Por último, a principios de este siglo los grandes atentados de al Qaeda y más grupos yihadistas a los que se asoció la expresión “terrorista” han suscitado un estado de opinión generalizado que cree que el terrorismo debe ser aplastado y es el principal enemigo de la humanidad. No fue porque sí que Estados Unidos bautizara propagandísticamente la segunda invasión de Irak con la denominación “Guerra contra el Terror”.

Con todo, estos últimos años han ido creciendo dos fenómenos. Uno es la frivolidad con la que cada vez la calificación de terrorista se lanza contra más gente.
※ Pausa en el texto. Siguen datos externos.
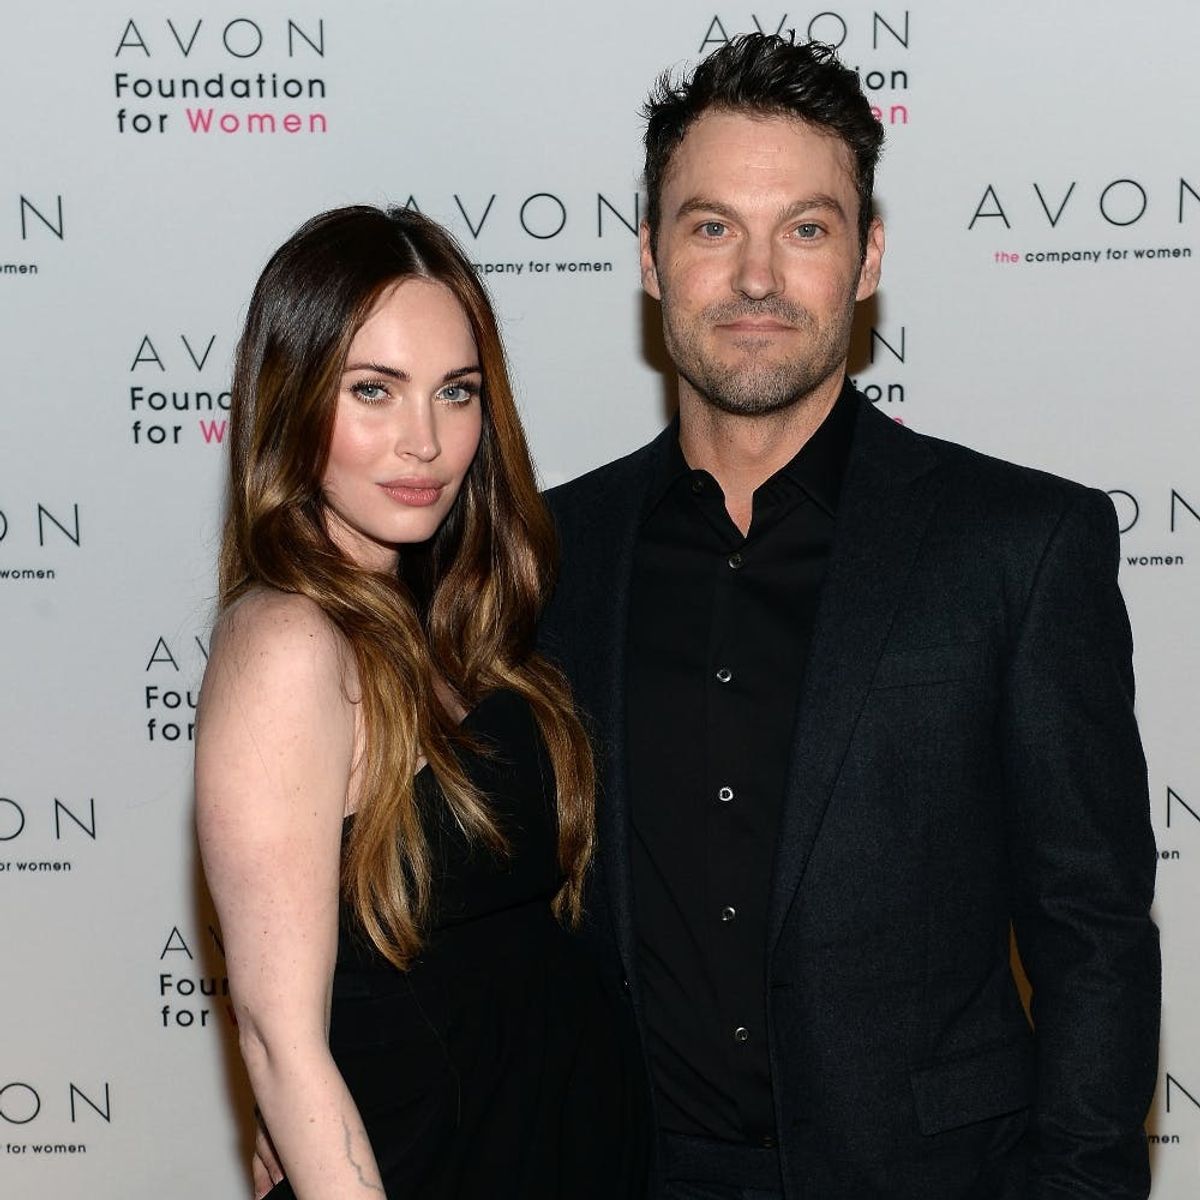 Megan Fox and Brian Austin Green Welcome Baby #3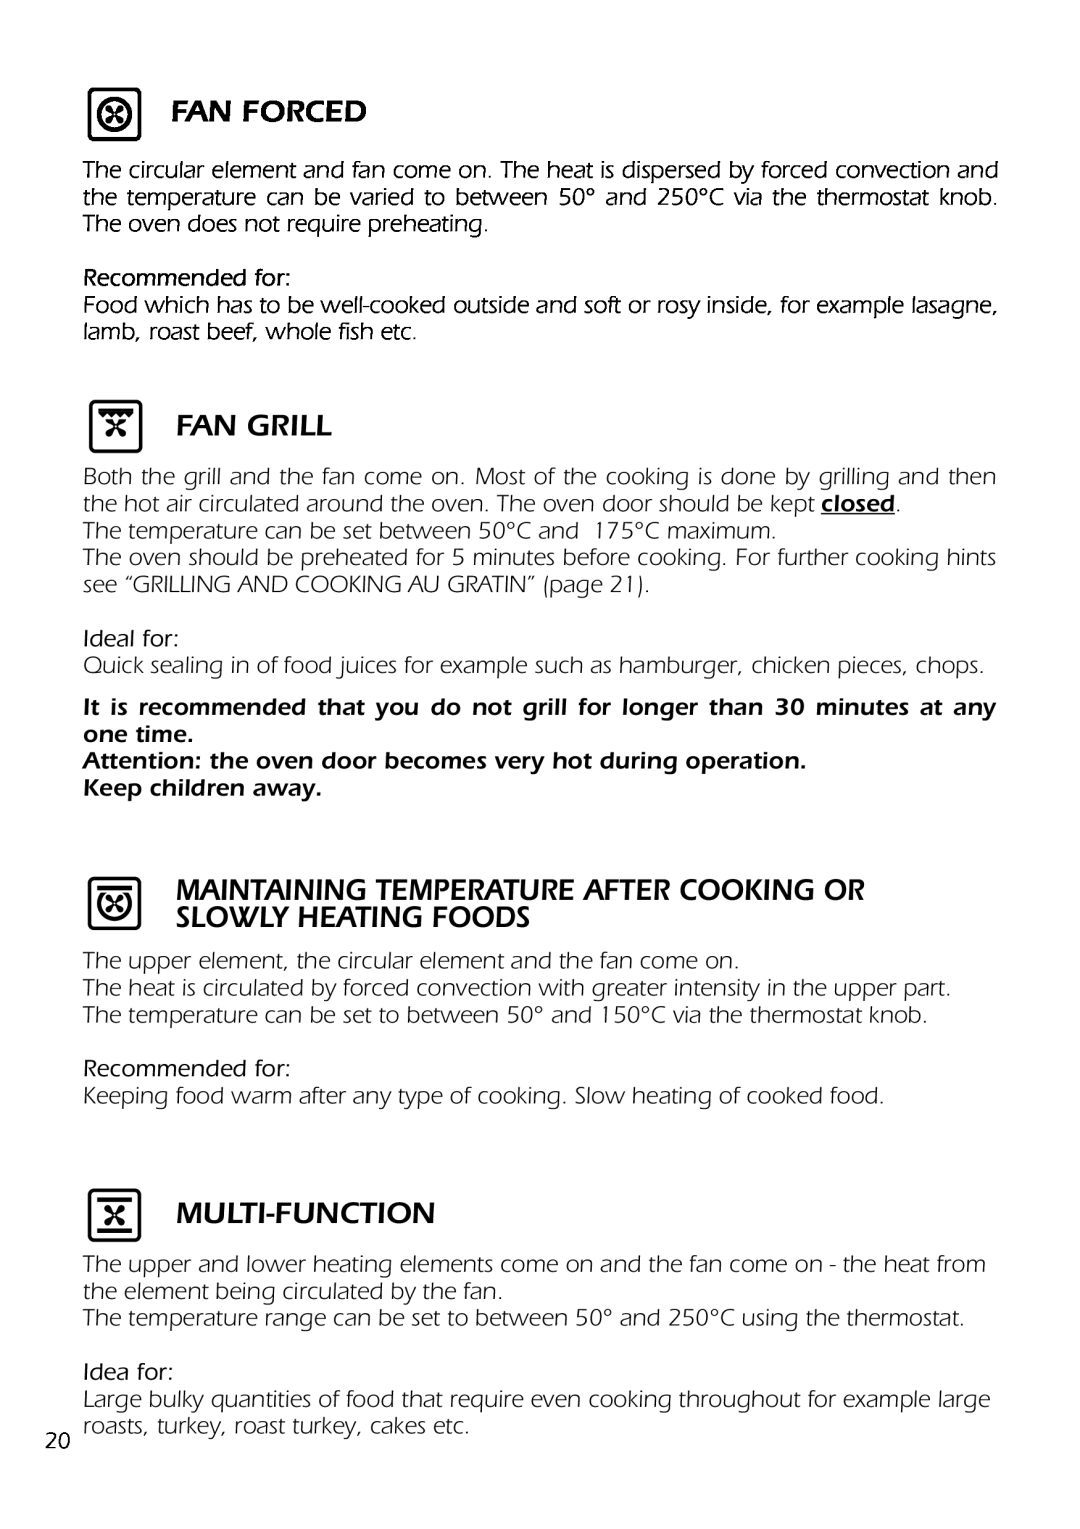 DeLonghi D 61 E Fan Forced, Fan Grill, Maintaining Temperature After Cooking Or, Slowly Heating Foods, Multi-Function

En Estados Unidos los antifascistas o los asaltantes del Capitolio, cada uno en un espectro distinto en la vida política, han sido calificados de terroristas. La expresión “ecoterroristas” se utiliza cada día más para atacar a militantes ecologistas. Y la fiscalía española califica al movimiento independentista catalán de terrorista y se queda tan tranquila. Ésta sería, en todo caso, una tendencia positiva en el sentido de que tanta exageración acabaría haciendo abrir los ojos a la gente.

Pero el problema es que esta tendencia va acompañada de un uso cada vez más frecuente y gratuito del término ‘terrorista’ por la policía y los tribunales. Hasta el punto de que da igual si los hechos encajan o no en lo que había sido la definición histórica de la palabra ni en el uso de la violencia. Y en nuestro país hemos visto a personas acusadas de terrorismo por el hecho de tener un silbato en casa; o ayer pudimos ver que unos ciudadanos, los encausados de la operación Judas, eran acusados de terrorismo, aunque resulta que se mueven por la calle en libertad –y la contradicción, pues, es obvia: si son tan peligrosos, ¿cómo caramba es que están en la calle?

La cosa es grave. Aprovechándose del relato creado estas últimas décadas, ahora se va combinando una definición enormemente amplia y vaga de lo que sería terrorismo, donde casi cabe cualquier actividad, con un umbral enormemente bajo para designar a cualquier persona de terrorista –ya no hace falta poner bombas ni llevar pistolas ni formar parte de grupo armado alguno para que te acusan de terrorista; los hechos han dejado de importar. Y contra eso está tan sólo el recurso de repudiar el uso de la palabra, como hacemos en este diario, y de desconfiar, por sistema, de cualquier intento del poder político, policial y judicial de calificar a alguien de terrorista.